Anti-pattern guards:

- Do not imply hosted cloud or enterprise features are available.
- Do not call Claude-Mem an official Anthropic project.

## Final Verification Phase

Run:

```sh
npm run typecheck:root
bun test tests/server/ tests/services/queue/ tests/services/sqlite/ tests/servers/
bun test tests/integration/worker-api-endpoints.test.ts
npm run build
docker compose up --build
```

Manual acceptance checklist:

- `npx claude-mem install` still works.
- `claude-mem server start|status|stop` works.
- `claude-mem worker start|status|stop` aliases work.
- Existing Claude Code hooks still write observations.
- Generic REST client can write and search memory.
- MCP tools use the same server/core logic.
- API-key protected writes fail without auth.
- Team-scoped search cannot cross team boundaries.
- BullMQ/Valkey mode survives server container restart.
- SQLite remains canonical source of memory truth.
- Apache-2.0 migration is complete and stale AGPL messaging is removed from public package/docs.
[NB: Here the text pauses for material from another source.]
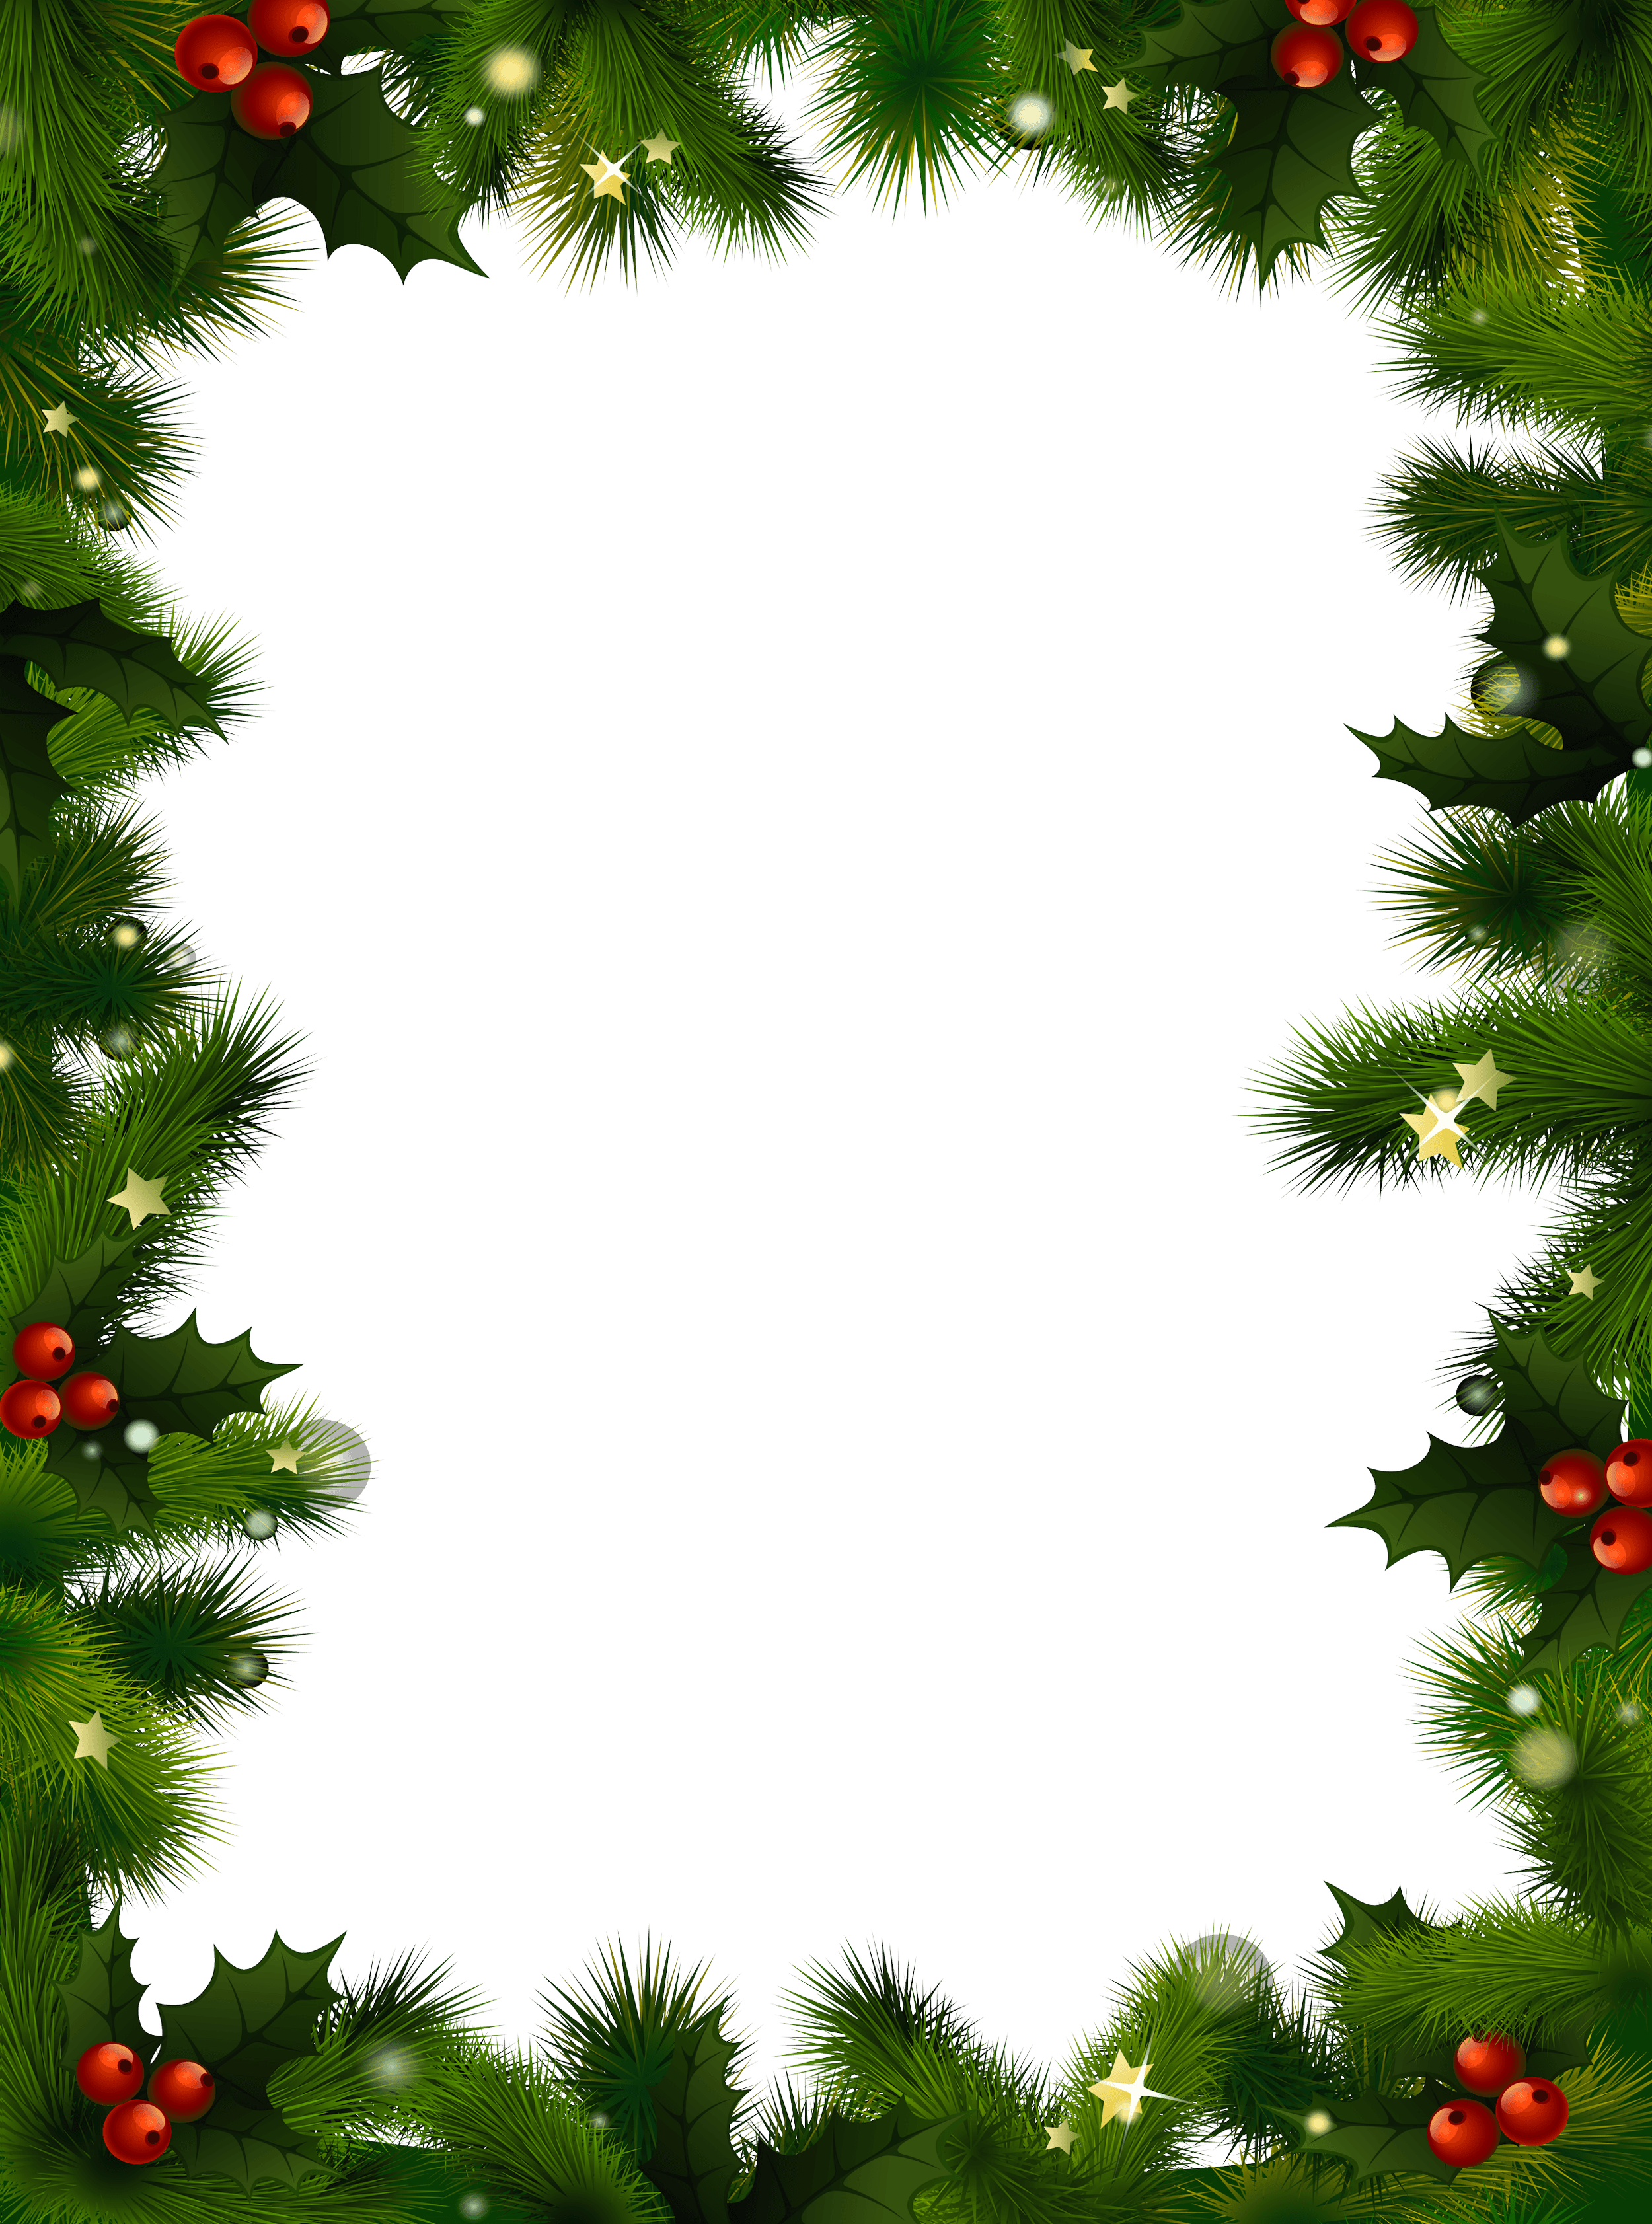 Transparent Christmas Photo Frame with Pine and Mistletoe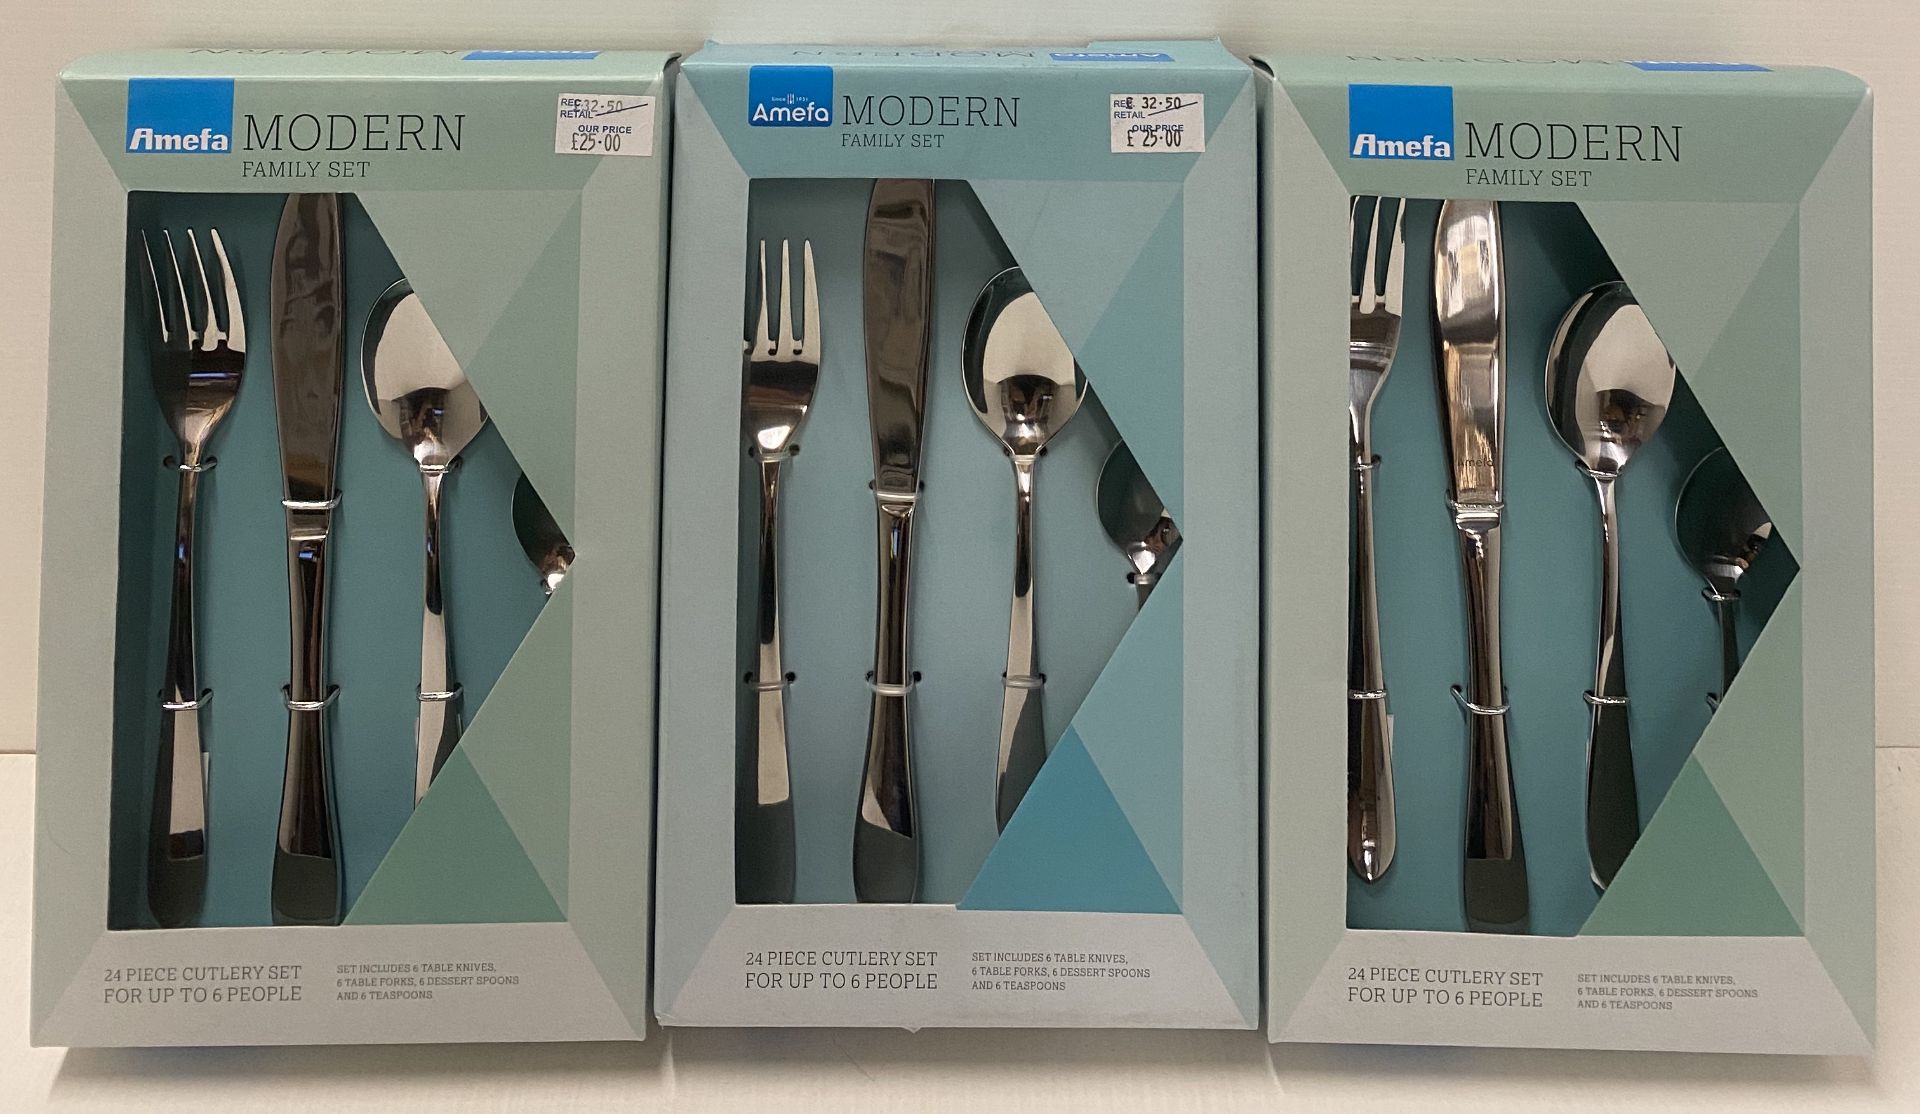 3 x Amefa Modern 24 piece Sure cutlery family sets RRP £32.

## Suggested Execution Order

1. Phase 1: Apache-2.0 boundary.
2. Phase 2: CLI namespace and aliases.
3. Phase 3: Server bootstrap refactor.
4. Phase 5: Queue boundary and SQLite contract cleanup.
5. Phase 6: BullMQ/Valkey backend.
6. Phase 4: New core/storage contracts.
7. Phase 7: Auth/team/API-key layer.
8. Phase 8: REST V1.
9. Phase 9: Adapter migration.
10. Phase 10: MCP server-core surface.
11. Phase 11: Docker deployment.
12. Phase 12: Docs and migration guide.

The order intentionally moves the middleware and queue boundaries before Better Auth and REST V1. Those two boundaries are the highest-risk coupling points in the current codebase.